---
license: apache-2.0
language:
- en
library_name: transformers
pipeline_tag: text-generation
tags:
- chain-of-thought
- reasoning
- instruct
- pretrained-from-scratch
- decoder-only
- transformer
- qwen-tokenizer
- rope
- rmsnorm
- swiglu
- gqa
- engram
datasets:
- wop/XXXXXL-chain-of-thought
model-index:
- name: Cosmos-T2-80M-Test
results:
- task:
type: text-generation
name: Causal Language Modeling
dataset:
name: wop/XXXXXL-chain-of-thought
type: wop/XXXXXL-chain-of-thought
split: train
metrics:
- type: loss
name: Final training loss (cross-entropy)
value: 0.0522
- type: perplexity
name: Final training perplexity
value: 1.05
- type: loss
name: Final validation loss (cross-entropy)
value: 4.2545
- type: perplexity
name: Final validation perplexity
value: 70.43
---
# Cosmos-T2-80M-Test
Universal Kaggle-ready training notebook for the Cosmos-T2 series.
> Notebook-generated card.

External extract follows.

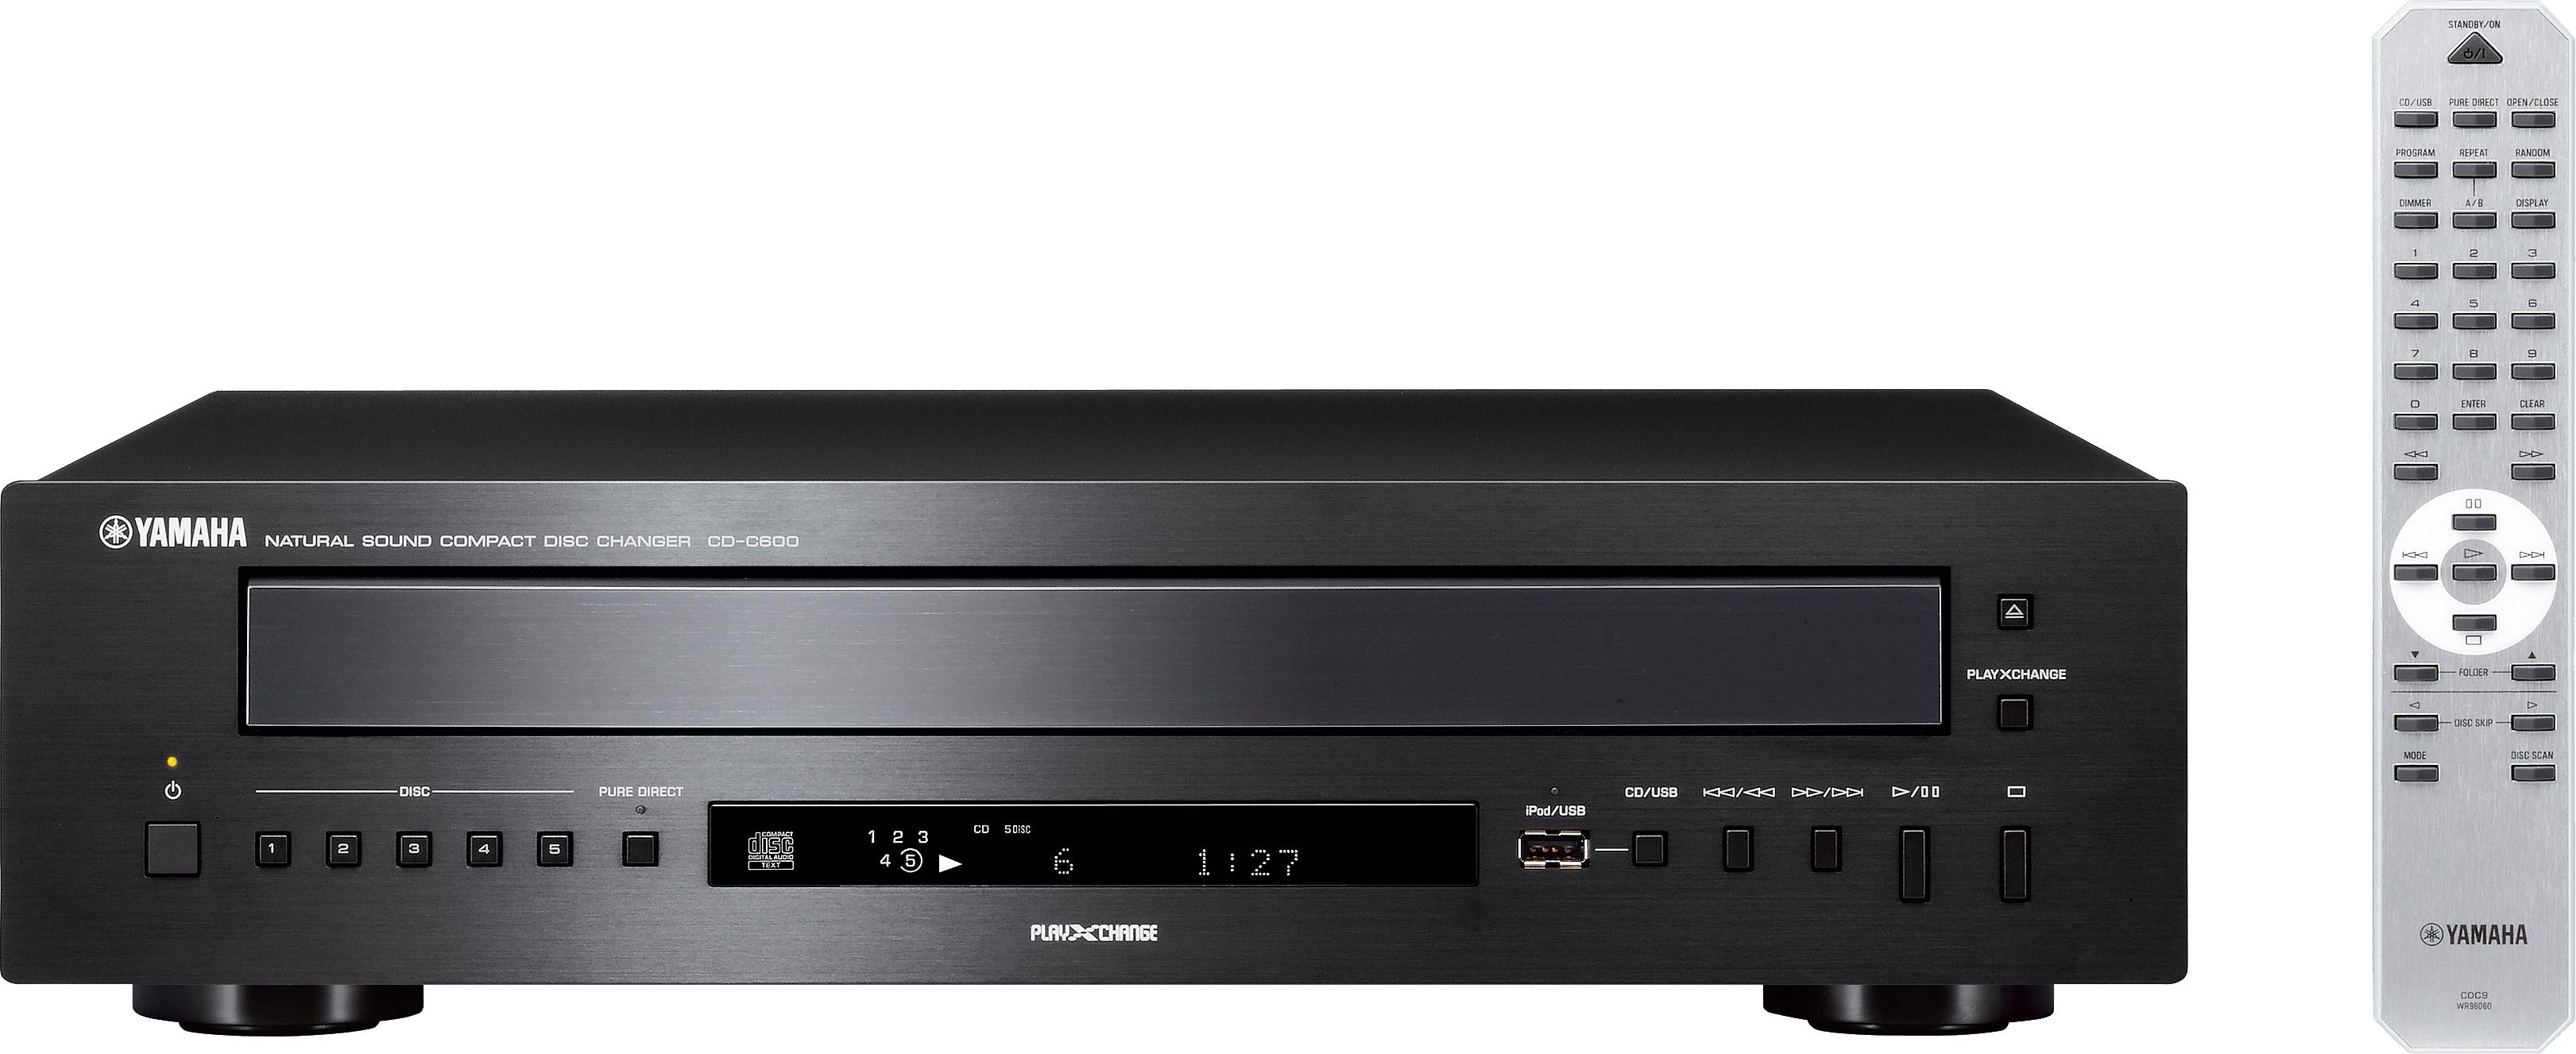 Yamaha CD-C600 CD-speler goedkoop op otto.nl kopen

Final metrics are filled after the Kaggle training run.
> This notebook is designed to stay Kaggle-friendly on 2x T4 GPUs. The goal is a reusable training recipe, not a production assistant.
## Model Details
| | |
|---|---|
| **Model class** | `CosmosT2_LLM` |
| **Architecture** | Decoder-only Transformer with RoPE, RMSNorm, SwiGLU, GQA, and a configurable Engram memory path |
| **Parameters** | `~87.60 M` |
| **Layers** | `12` |
| **Attention heads** | `8` |
| **KV heads** | `2` |
| **d_model** | `384` |
| **FFN hidden** | `1536` |
| **Positional encoding** | RoPE (`rope_base=10000`) |
| **Normalization** | RMSNorm |
| **MLP** | SwiGLU |
| **Memory** | Engram (`use_engram=True`, every `2` blocks) |
| **Context length** | `1028` |
| **Training block size** | `1028` |
| **Tokenizer** | [`Qwen/Qwen2.5-0.5B`](https://huggingface.co/Qwen/Qwen2.5-0.5B) |
| **Dataset** | [`wop/XXXXXL-chain-of-thought`](https://huggingface.co/datasets/wop/XXXXXL-chain-of-thought) |
| **License** | Apache-2.0 |
### Why these choices
- **RoPE** keeps positional handling compact and avoids learned absolute embeddings.
- **RMSNorm** is cheaper and more stable than LayerNorm for this small decoder-only model.
- **SwiGLU** usually gives a better quality/compute tradeoff than a plain GELU MLP.
- **GQA** reduces KV cost while keeping multi-head query capacity.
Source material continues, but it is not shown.